Brief Candle in the Dark

Page 32

by Richard Dawkins


  Keats may not have intended it literally, but the idea of nightingale song working as a drug is not totally far fetched. Consider what it is doing in nature, and what natural selection has shaped it to do. Male nightingales need to influence the behaviour of female nightingales, and of other males. Some ornithologists have thought of song as conveying information: ‘I am a male of the species Luscinia megarhynchos, in breeding condition, with a territory, hormonally primed to mate and build a nest.’ Yes, the song does contain that information, in the sense that a female who acted on the assumption that it was true could benefit thereby. But another way to look at it has always seemed to me more vivid. The song is not informing the female but manipulating her. It is not so much changing what the female knows as directly changing the internal physiological state of her brain. It is acting like a drug.

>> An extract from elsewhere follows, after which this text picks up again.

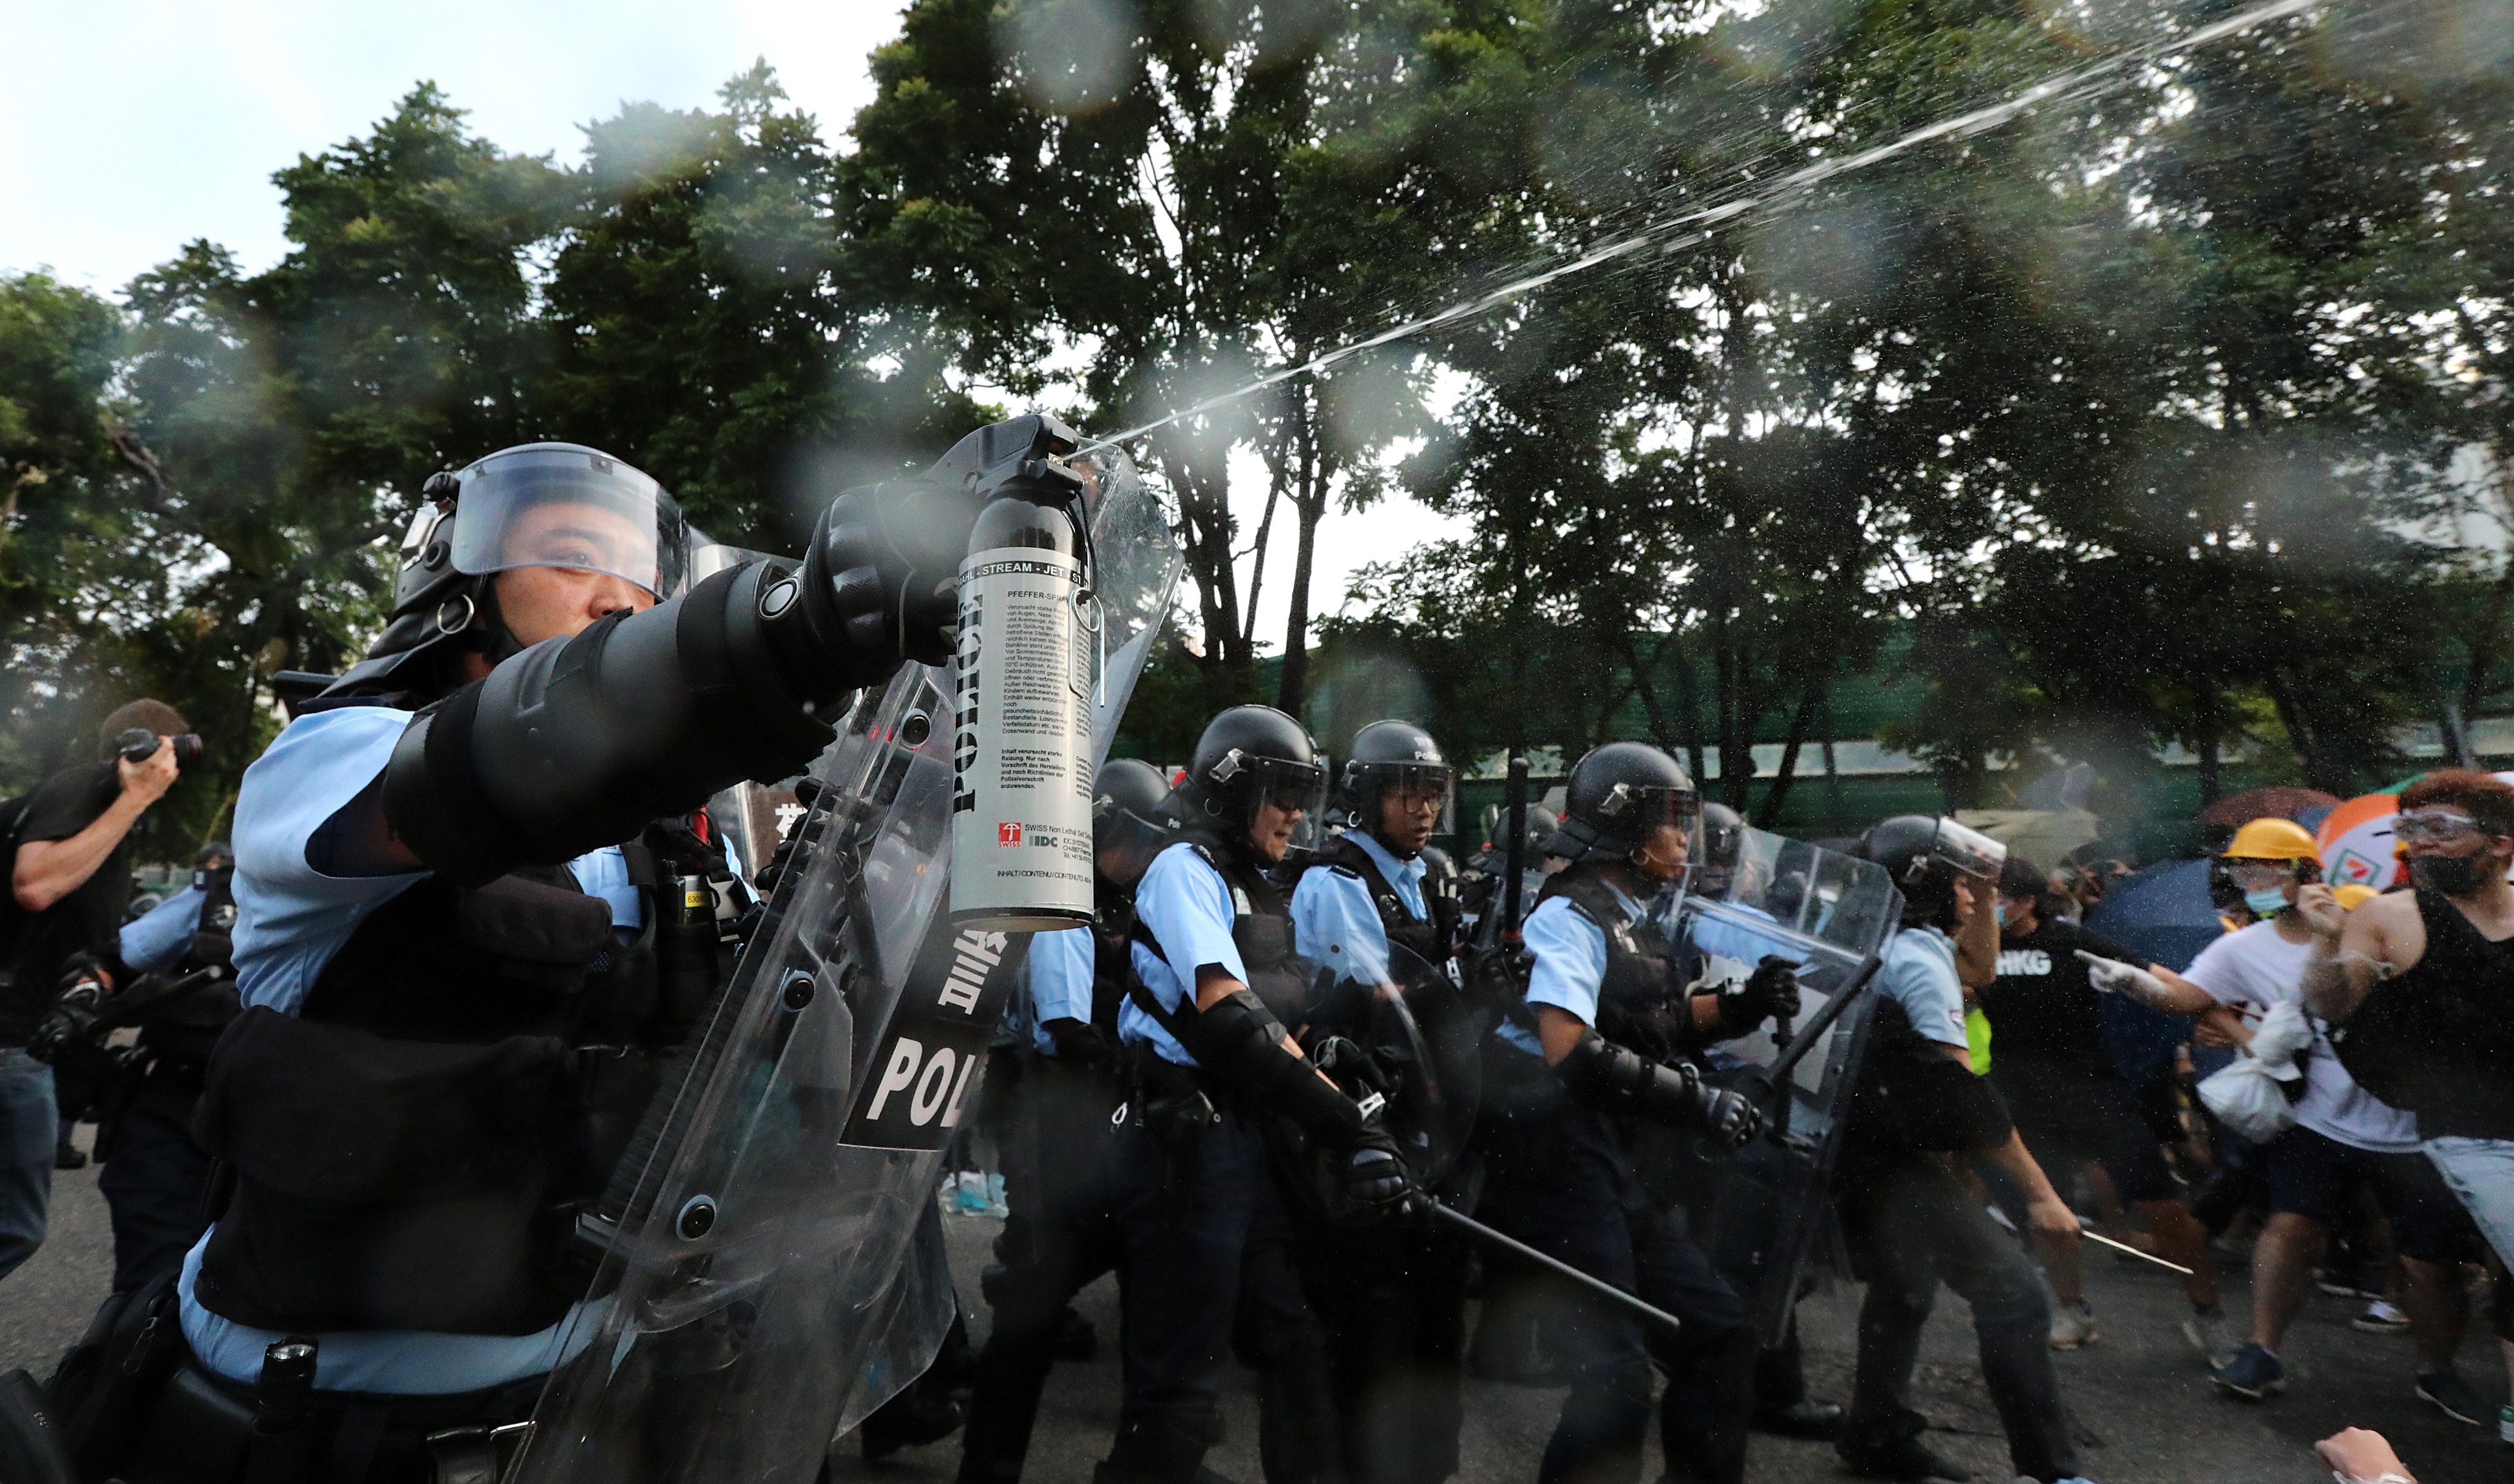 Protesters clash with police after a march in Sheung Shui on July 13, 2019. Photo: Felix Wong
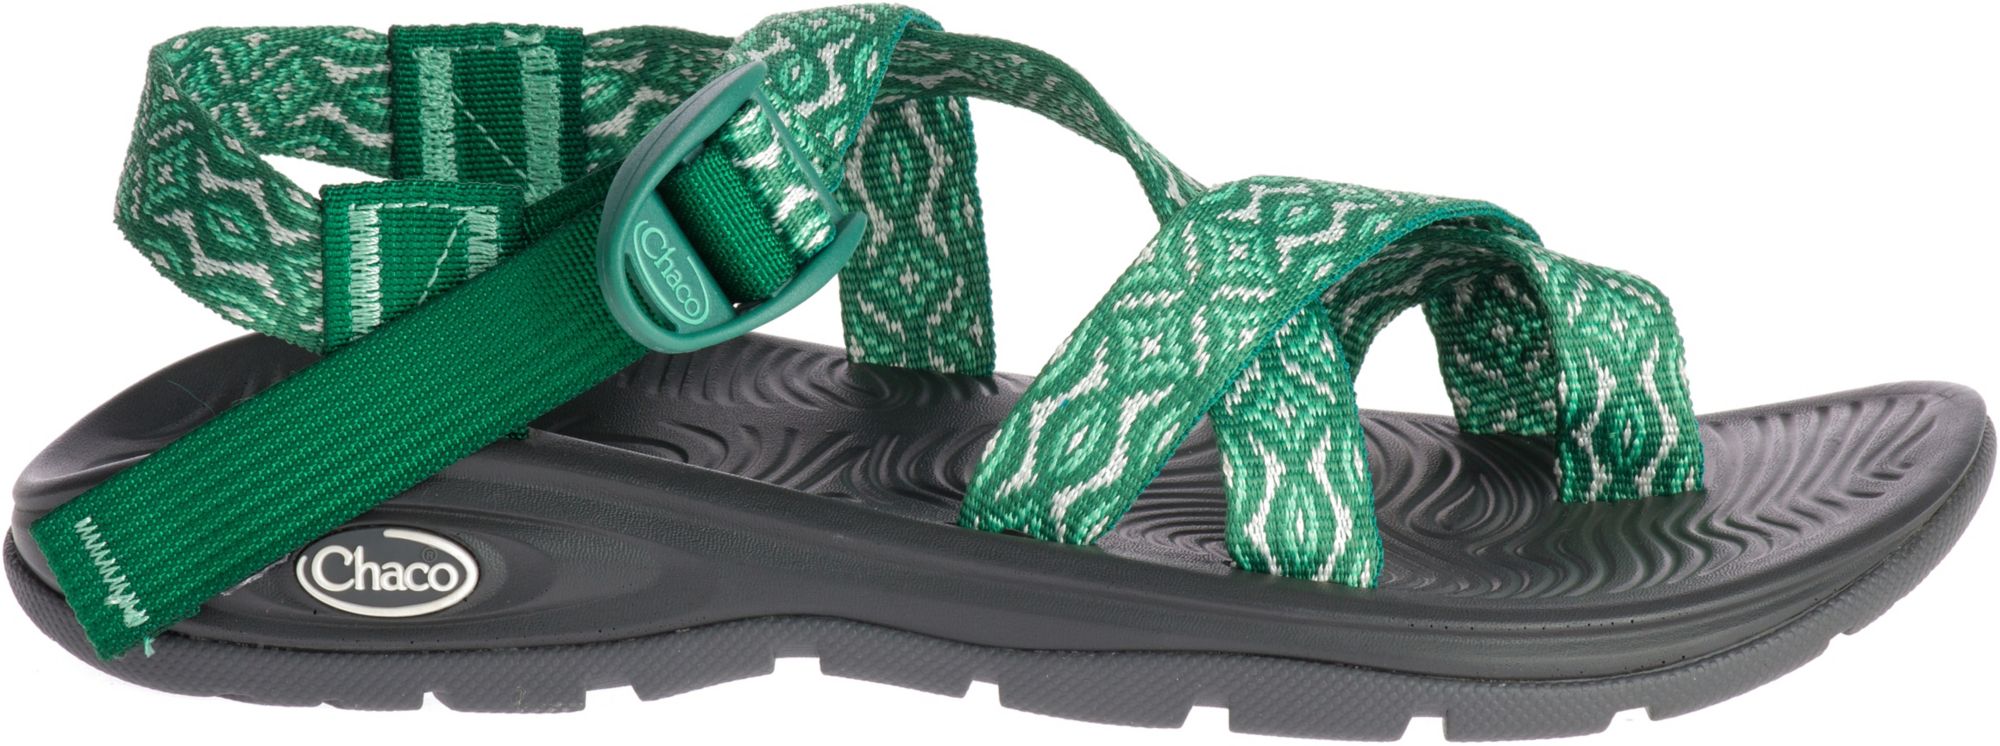 outdoor sandals chaco

  There is experimental evidence from measuring the hormone levels of female doves and canaries, as well as their behaviour, that the sexual state of females is directly influenced by the vocalisations of males, the effects being integrated over a period of days. The sounds from a male canary flood through the female’s ears into her brain where they have an effect that is indistinguishable from one that an experimenter can procure with a hypodermic syringe. The male’s ‘drug’ enters the female through the portals of her ears rather than through a hypodermic, but this difference does not seem particularly telling.

  In my more grandiose moments I dreamed of encompassing the whole field of animal communication in extended phenotypic action at a distance. In theory,

  genetic action at a distance could include almost all interactions between individuals of the same or different species. The living world can be seen as a network of interlocking fields of replicator power.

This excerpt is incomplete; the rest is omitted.